Wenn sich nur ein Lebensbereich verbessert, ist es meist sinnvoller, beim alten Vertrag zu bleiben. Die Risiken eines Wechsels lohnen sich nicht. Wenn Sie aber zwei oder mehr Bereiche verbessern können, sieht die Gesamtrechnung gleich ganz anders aus. Eventuell verdienen Sie weniger, aber möglicherweise brauchen Sie auch weniger Geld und haben zudem eine höhere Lebensqualität. Schon allein, nicht mehr pendeln oder jeden Sonntag in der Redaktion sein zu müssen, ist für viele Paare und Familien eine enorme Verbesserung.

Ein Karriere-Coaching beginnt oft mit dem Wunsch, eine neue Stelle zu finden - aus Frust, Erschöpfung, Enttäuschung. Schon im ersten Gespräch zeigt sich fast immer, dass bisherige Bewerbungen nur selten Erfolg hatten und oft beim Gehaltsgespräch ein Ende fanden. Wer weiter denkt und sich sein neues Leben ganzheitlich vorstellt, entkommt diesem Dilemma. "Wie will ich eigentlich leben" schließt die Frage nach dem nötigen und gewünschten Einkommen ein. Es fasst sie aber weiter, so wie ein gutes Leben tatsächlich eben ist.

Zum Autor: Attila Albert (46) begleitet mit seiner Firma Media Dynamics seit mehreren Jahren Medienprofis bei der beruflichen und persönlichen Neuorientierung.
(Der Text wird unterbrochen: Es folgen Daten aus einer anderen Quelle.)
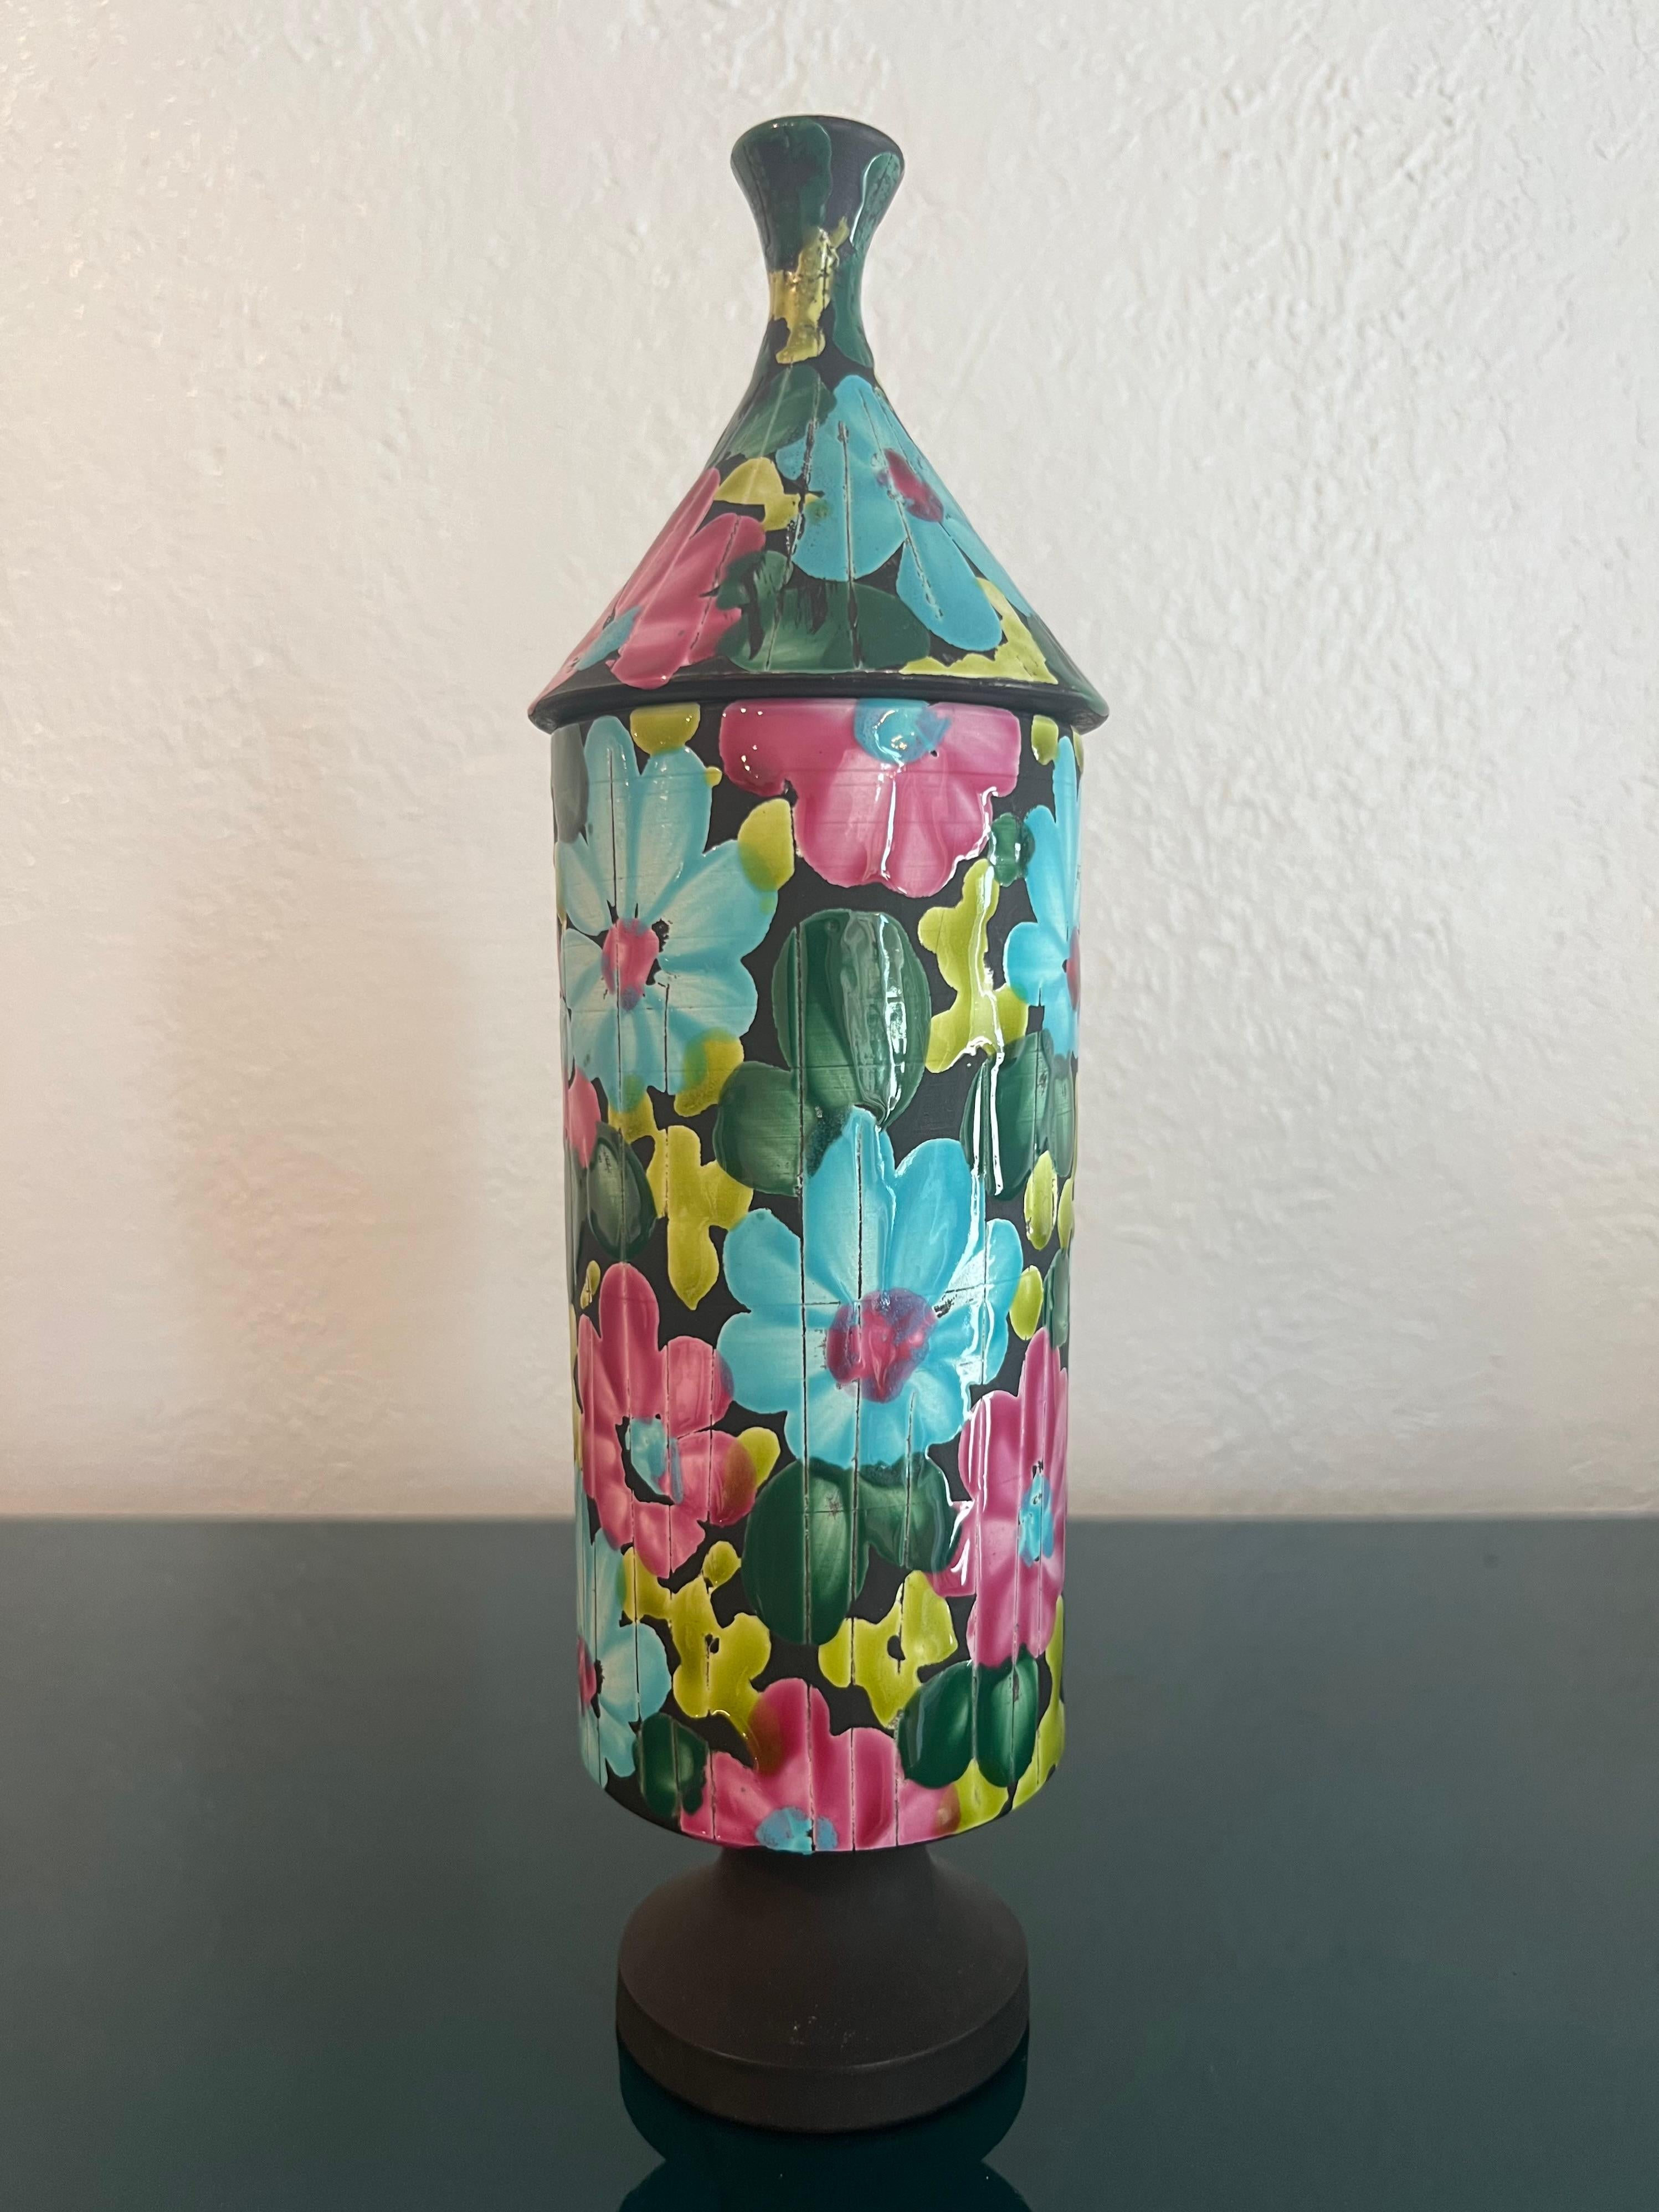 Vase à couvercle Alvino Bagni avec un brillant motif floral. Petite zone sur la base où la glaçure ne s'est pas accrochée (voir photos). Des photos supplémentaires sont disponibles sur demande.

S'intègre parfaitement dans une variété d'intérieurs

Albert hat selbst mit 17 Jahren als Journalist zu arbeiten begonnen. Anfangs bei der "Freien Presse" in Chemnitz, eine der größten deutschen Regionalzeitungen, später insgesamt 23 Jahre bei Axel Springer, unter anderem als Textchef und für Sonderaufgaben bei der "Bild"-Bundesausgabe, danach als Autor bei der Ringier AG in Zürich. Berufsbegleitend hat er sich in den USA zum Coach ausbilden lassen sowie vorher ein dreijähriges Webentwickler-Studium absolviert.